Specifically, your plan fails to account for

( ) Laws expressly prohibiting it
( ) Lack of centrally controlling authority for email
( ) Open relays in foreign countries
( ) Ease of searching tiny alphanumeric address space of all email addresses
(X) Asshats
( ) Jurisdictional problems
( ) Unpopularity of weird new taxes
( ) Public reluctance to accept weird new forms of money
(X) Huge existing software investment in SMTP
( ) Susceptibility of protocols other than SMTP to attack
( ) Willingness of users to install OS patches received by email
( ) Armies of worm riddled broadband-connected Windows boxes
( ) Eternal arms race involved in all filtering approaches
( ) Extreme profitability of spam
( ) Joe jobs and/or identity theft
(X) Technically illiterate politicians
( ) Extreme stupidity on the part of people who do business with spammers
(X) Dishonesty on the part of spammers themselves
(X) Bandwidth costs that are unaffected by client filtering
( ) Outlook

and the following philosophical objections may also apply:

(X) Ideas similar to yours are easy to come up with, yet none have ever been shown practical
( ) Any scheme based on opt-out is unacceptable
( ) SMTP headers should not be the subject of legislation
( ) Blacklists suck
( ) Whitelists suck
( ) We should be able to talk about Viagra without being censored
( ) Countermeasures should not involve wire fraud or credit card fraud
( ) Countermeasures should not involve sabotage of public networks
(X) Countermeasures must work if phased in gradually
( ) Sending email should be free
( ) Why should we have to trust you and your servers?
( ) Incompatiblity with open source or open source licenses
( ) Feel-good measures do nothing to solve the problem
( ) Temporary/one-time email addresses are cumbersome
( ) I don't want the government reading my email
( ) Killing them that way is not slow and painful enough

Furthermore, this is what I think about you:

(X) Sorry dude, but I don't think it would work.
( ) This is a stupid idea, and you're a stupid person for suggesting it.
( ) Nice try, assh0le!
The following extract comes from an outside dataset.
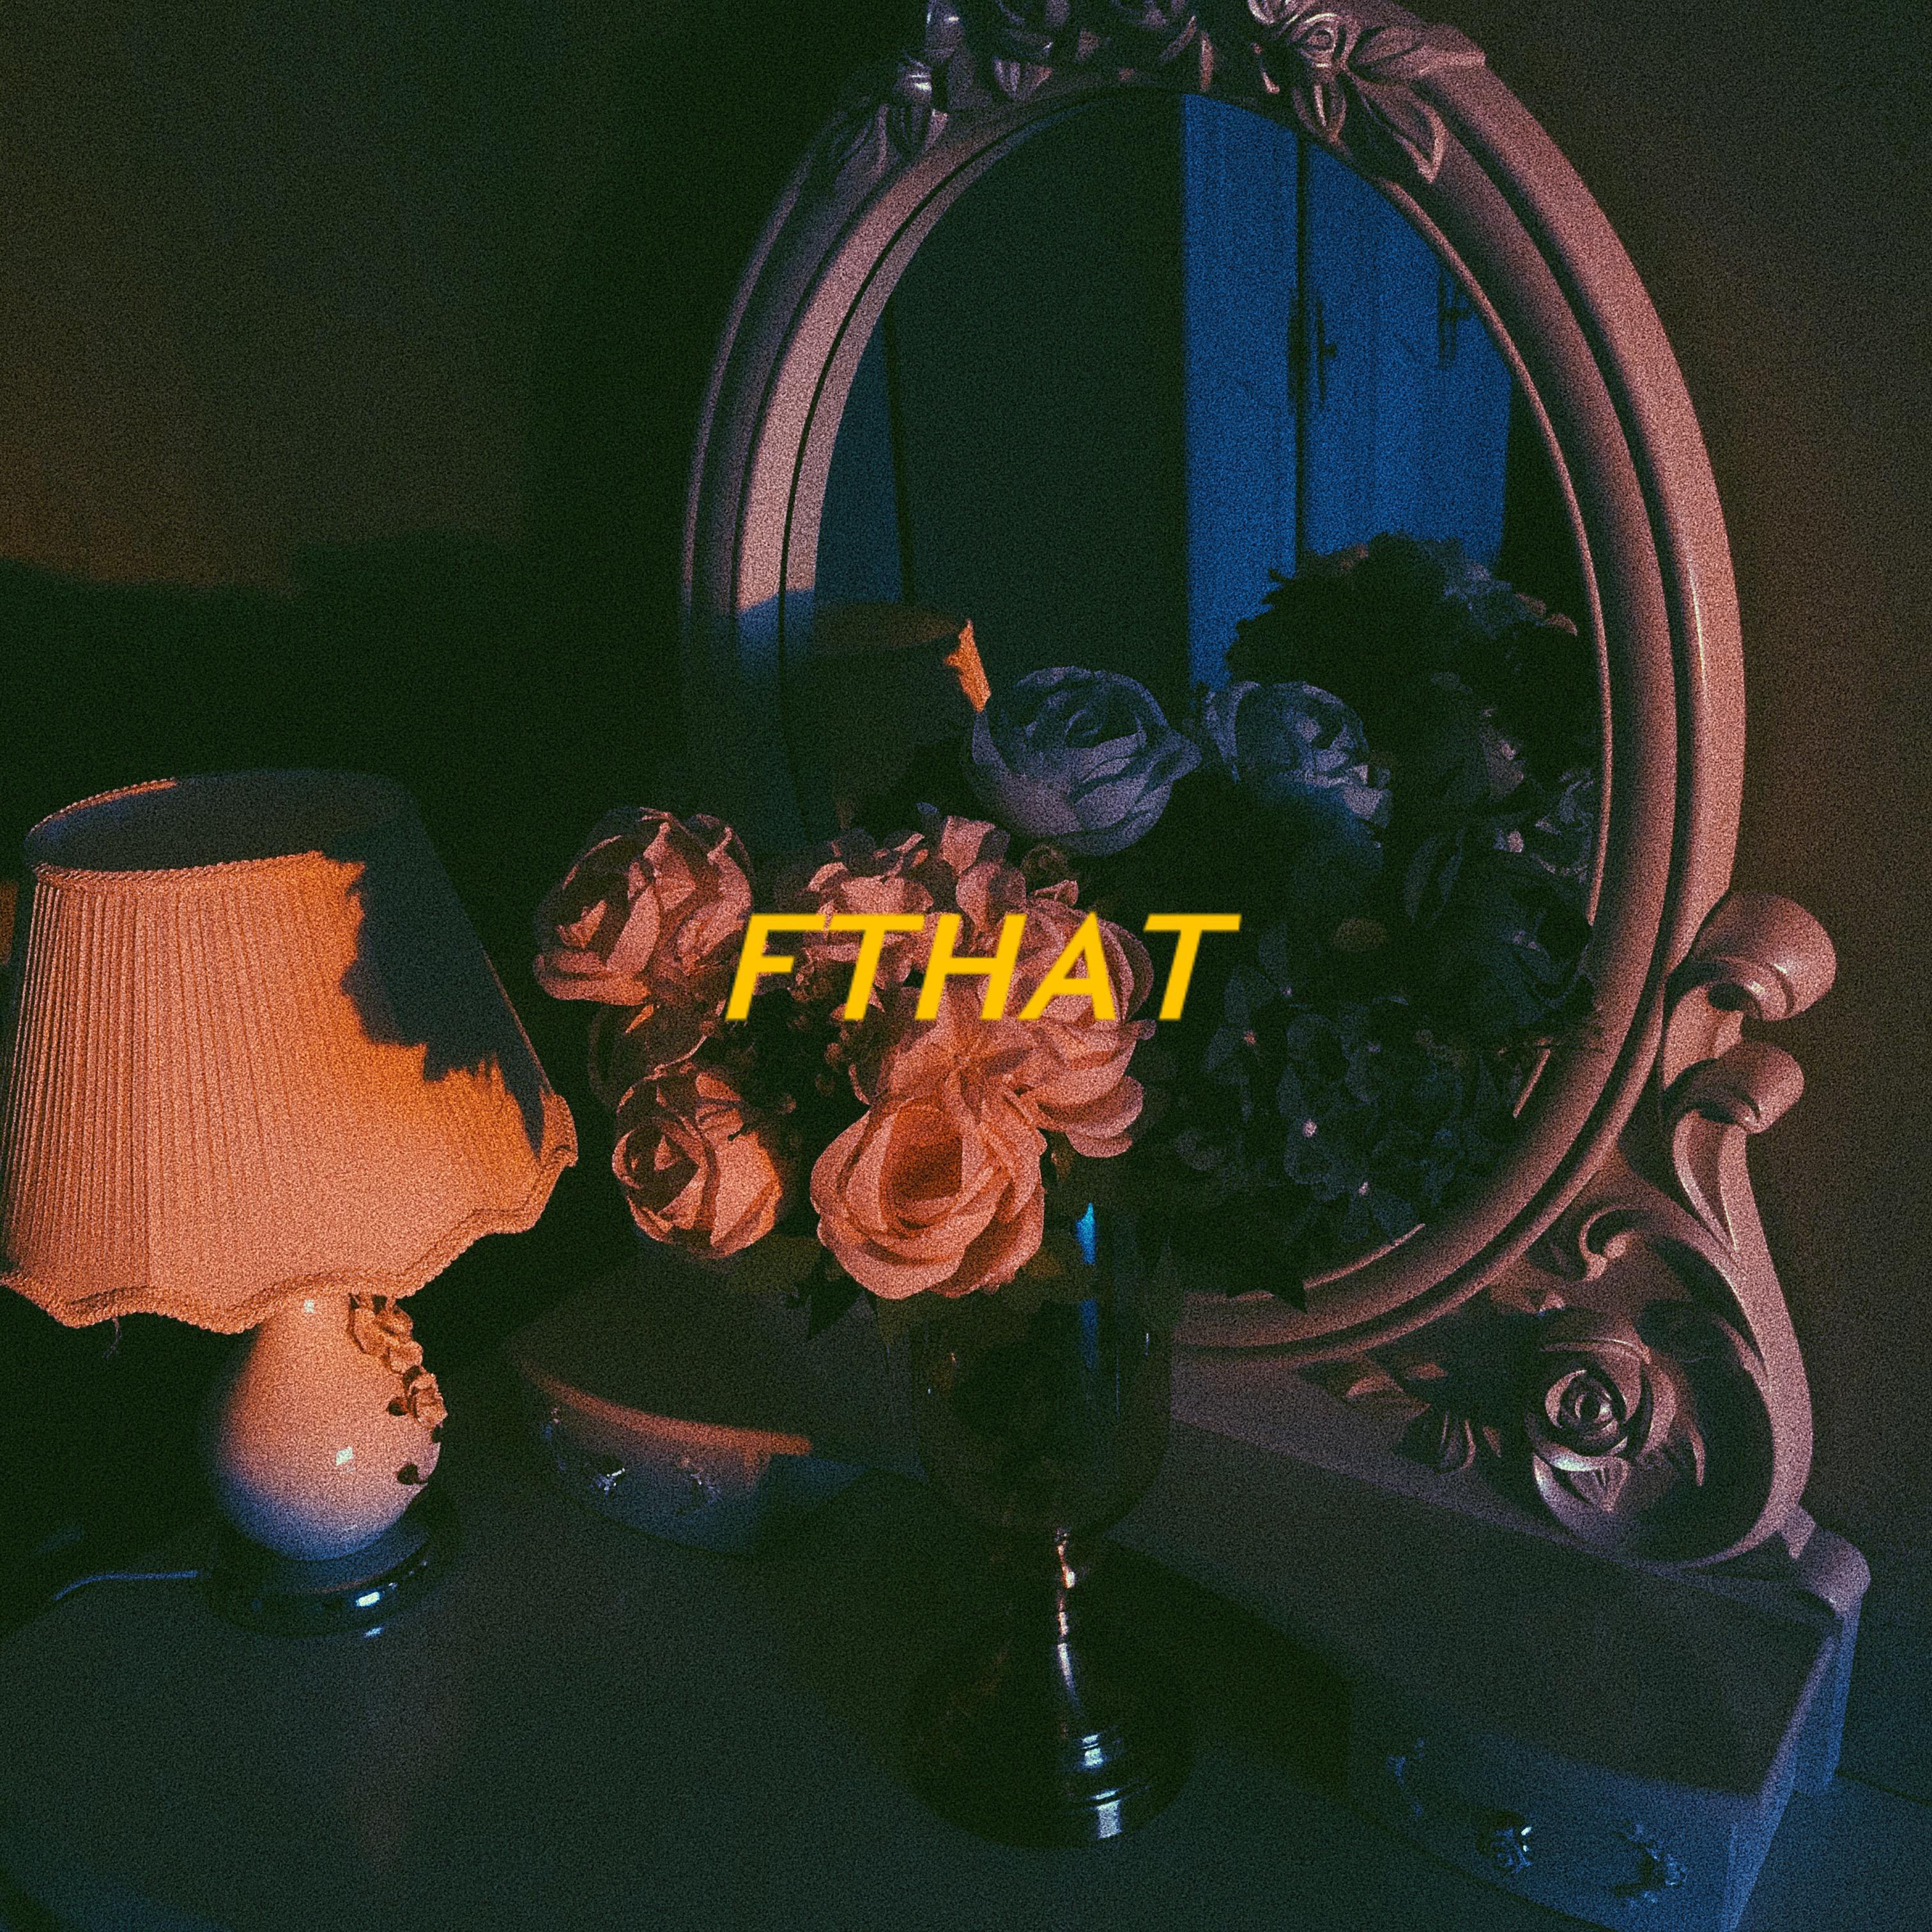 FTHAT - UNKNOWN

I'm going to find out where you live and burn your house down!

Re:Here we go again

[physicsphairy]

Modularize this, extend its applicability, and we can replace 90% of slashdotters with a small shell script!

yet another waste of time

[mabu]

Have we not established a few basic tenets of the spamademic?

1. Spammers make money by using a disproportionate amount of bandwidth than what they pay for. Stopping spam from entering peoples' inboxes is less than half the problem. 70% or more of all SMTP traffic is UCE and everyone pays for that in higher costs and slower performance regardless of whether they have spam filters in place.
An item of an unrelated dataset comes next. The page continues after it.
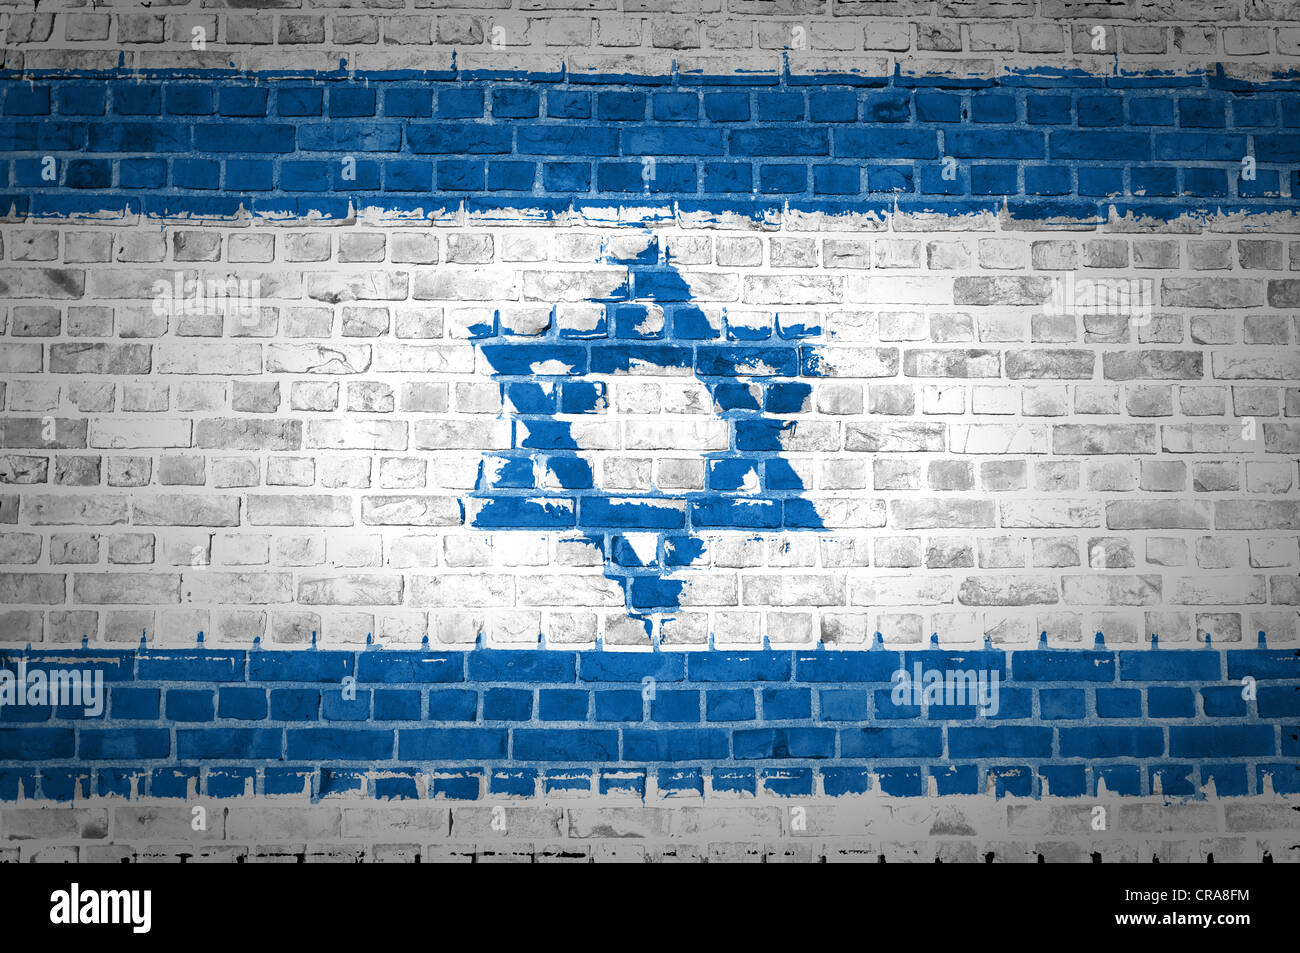 An image of the Israel flag painted on a brick wall in an urban location Stock Photo

2. The majority of the anti-spam solutions (with the exception of RBLs) including the one related to this article, require extra time, bandwidth and resources on the part of innocent networks to deal with the spam problem. This is a step backwards.
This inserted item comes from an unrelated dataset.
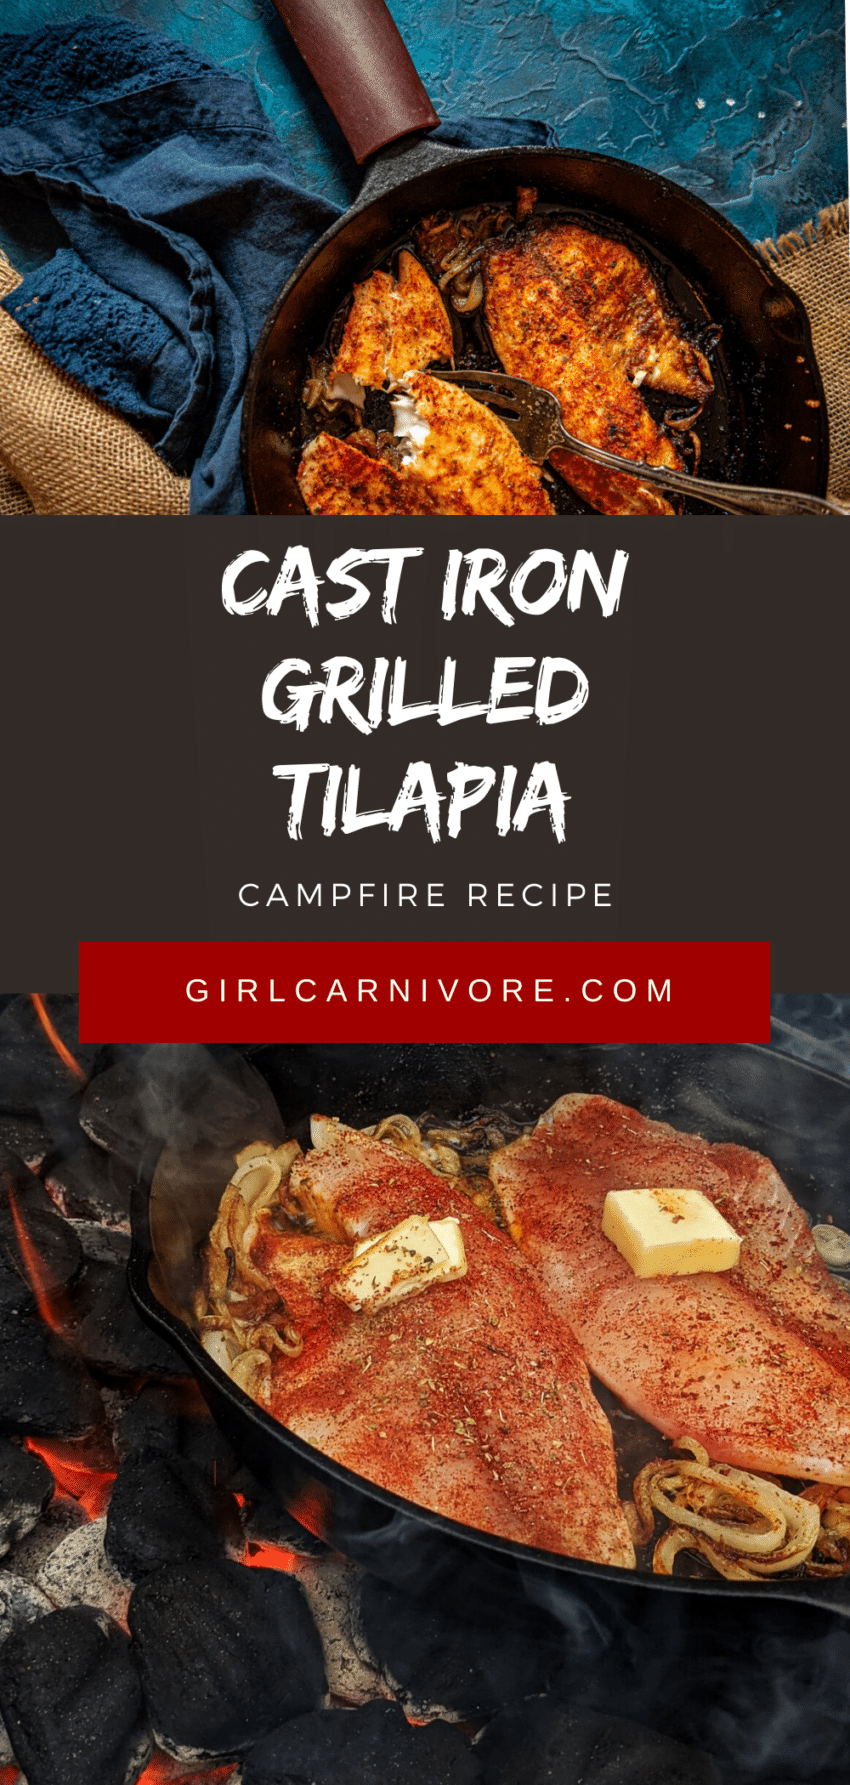 Cast Iron Grilled Tilapia Over Charocal Girl Carnivore

If you want to stop spammers you have to stop them from stealing bandwidth. To date, the ONLY effective solution thus far has been relay blacklisting. This has several added benefits including: stopping propagating of worms/viruses, and forcing ISPs to police the illegal activities of their users and shut down nodes which are spamming through their network.

As an ISP, I have no interest in yet another costly anti-spam solution that I have to install that doesn't address the larger issue of the tons of bandwidth spammers waste on my network and every one in between. This system wastes even more resources by attempting to verify the source of every e-mail in an even more detailed manner than before, so the end result is: more computing resources needed, more bandwidth needed and slower mail service.

No thanks.

I'll patiently wait until the *inevitable* SMTP whitelist scheme that is the only true solution to stopping spam (unless the authorities decide to actually start prosecuting spammers for their crimes).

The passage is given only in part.